__DATASET CONTENT__:
>>>

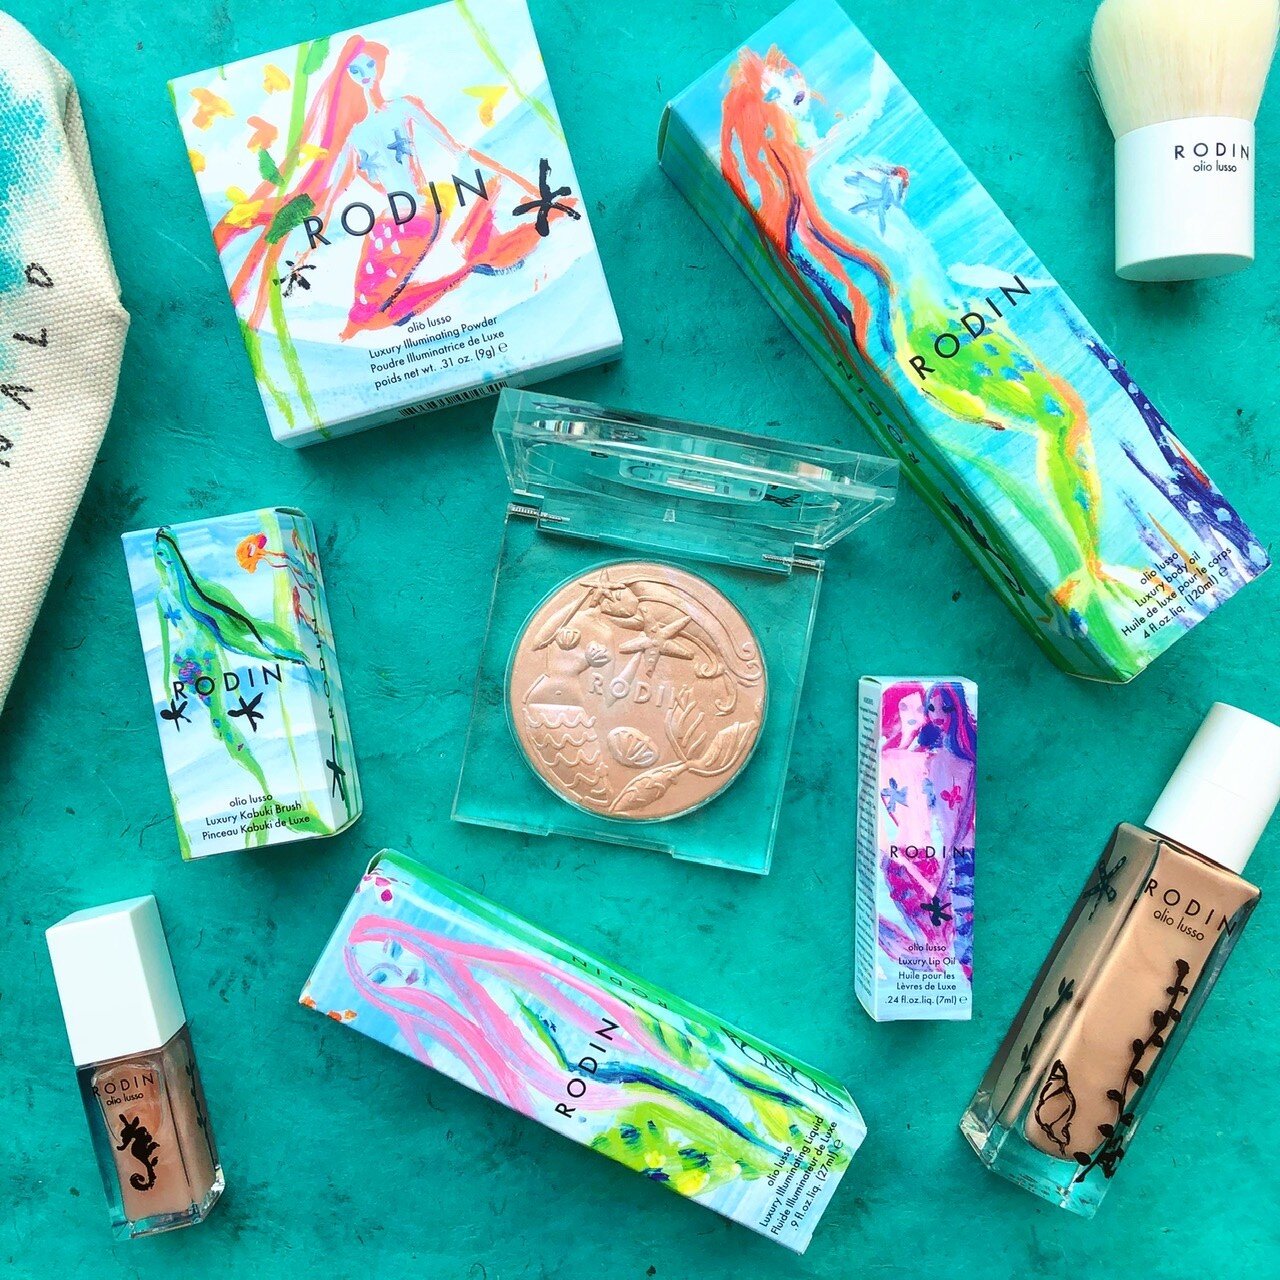   Highlighting Powder, Lip Oil, Face and Body Oil and Liquid Highlighter Rodin Olio Lusso  Summer 2018   Rodin Olio Lusso teamed up with fashion illustrator Donald Robertson to create a whimsical, mermaid-laden underwater fantasy for the packaging of
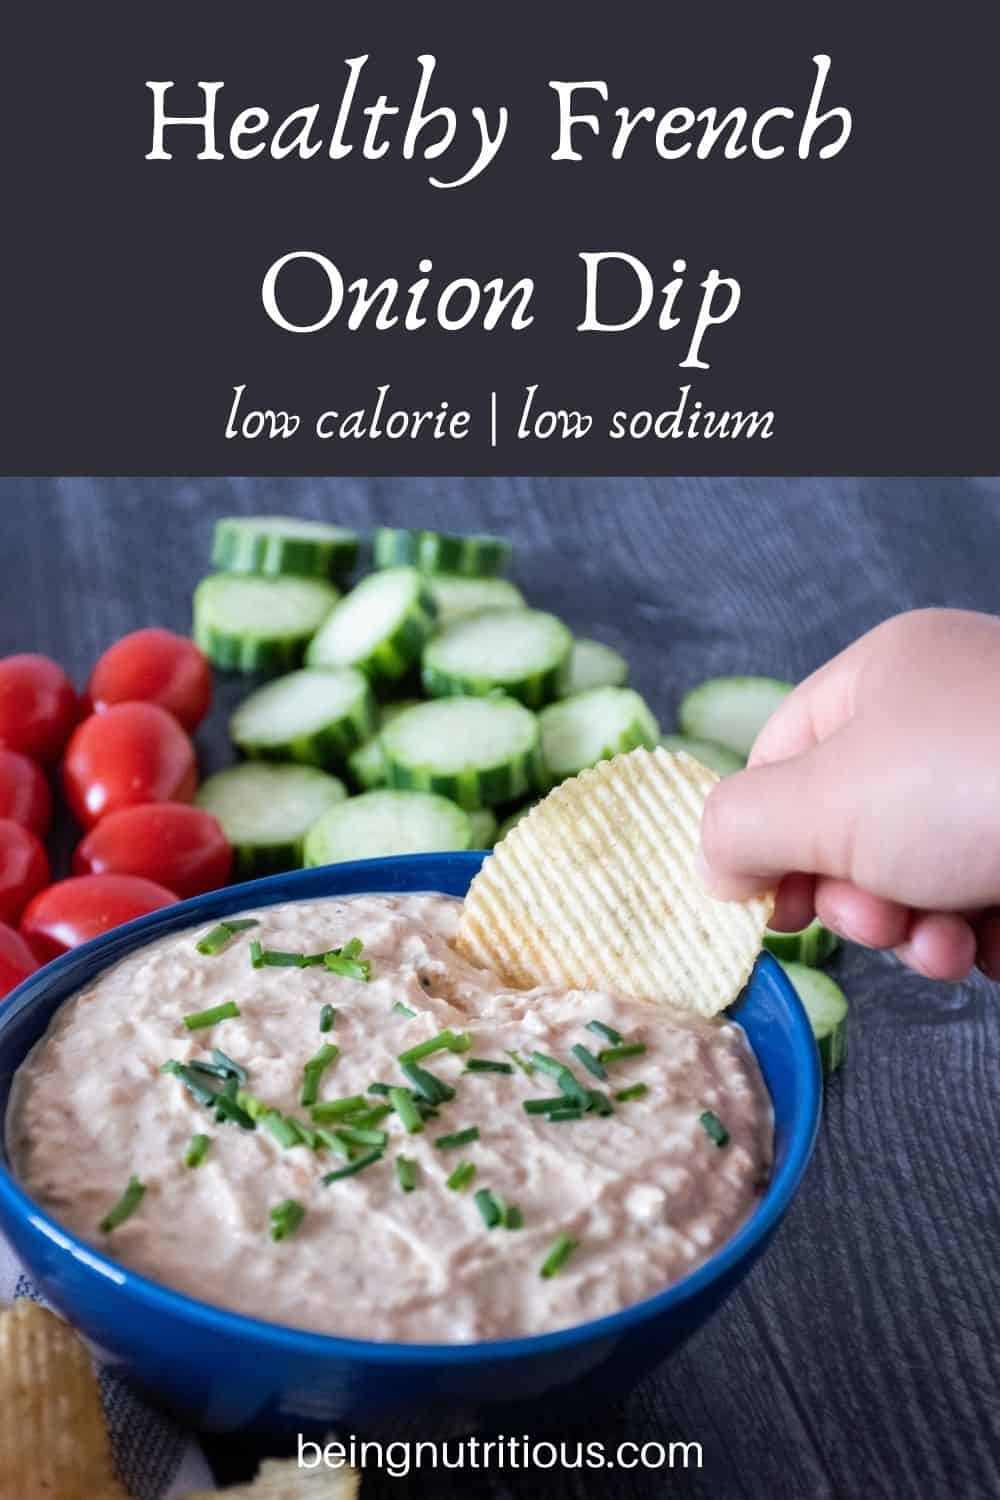 Bowl of dip, surrounded by chips, cucumber slices, and baby tomatoes. Hand holding a chip with dipping it. Text overlay: Healthy French Onion Dip, low calorie, low sodium.
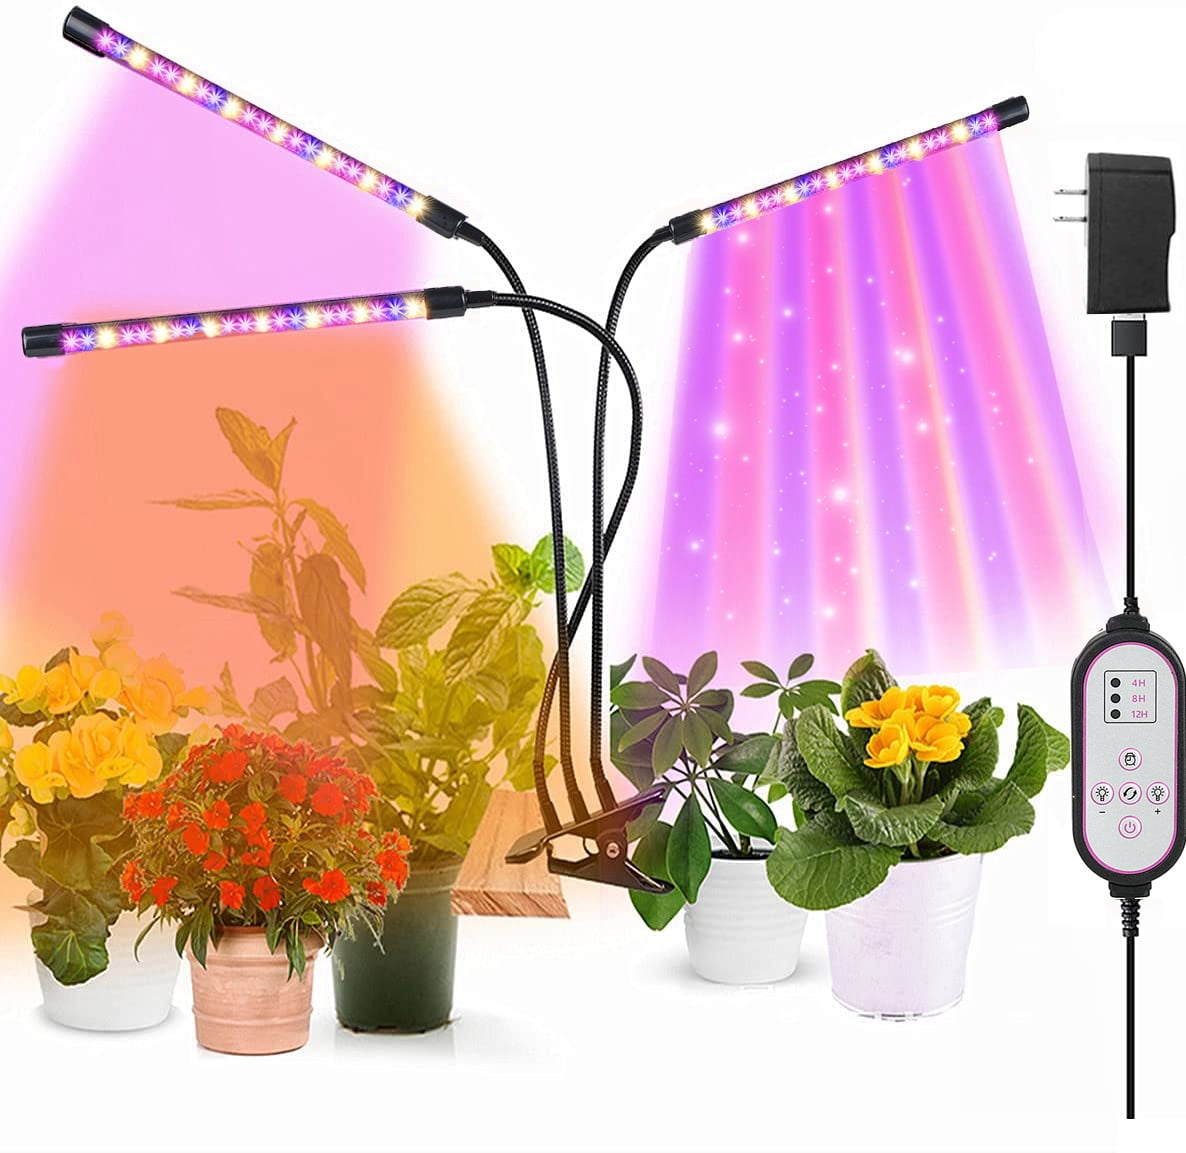 LaMuVii Upgraded 4 Arms Grow Light Full Spectrum with 3/9/12H Timer 5 Dimmable Levels Desk Plant Lamp for Greenhouse Hydroponics Succulent Flower Plant Light for Indoor Plants

<<<

__WHAT THIS TASK INVOLVES__:
Reproduce the whole listing above character for character; pictures do not belong in it.

__TASK RESULT__:
   Highlighting Powder, Lip Oil, Face and Body Oil and Liquid Highlighter Rodin Olio Lusso  Summer 2018   Rodin Olio Lusso teamed up with fashion illustrator Donald Robertson to create a whimsical, mermaid-laden underwater fantasy for the packaging of
 Bowl of dip, surrounded by chips, cucumber slices, and baby tomatoes. Hand holding a chip with dipping it. Text overlay: Healthy French Onion Dip, low calorie, low sodium.
 LaMuVii Upgraded 4 Arms Grow Light Full Spectrum with 3/9/12H Timer 5 Dimmable Levels Desk Plant Lamp for Greenhouse Hydroponics Succulent Flower Plant Light for Indoor Plants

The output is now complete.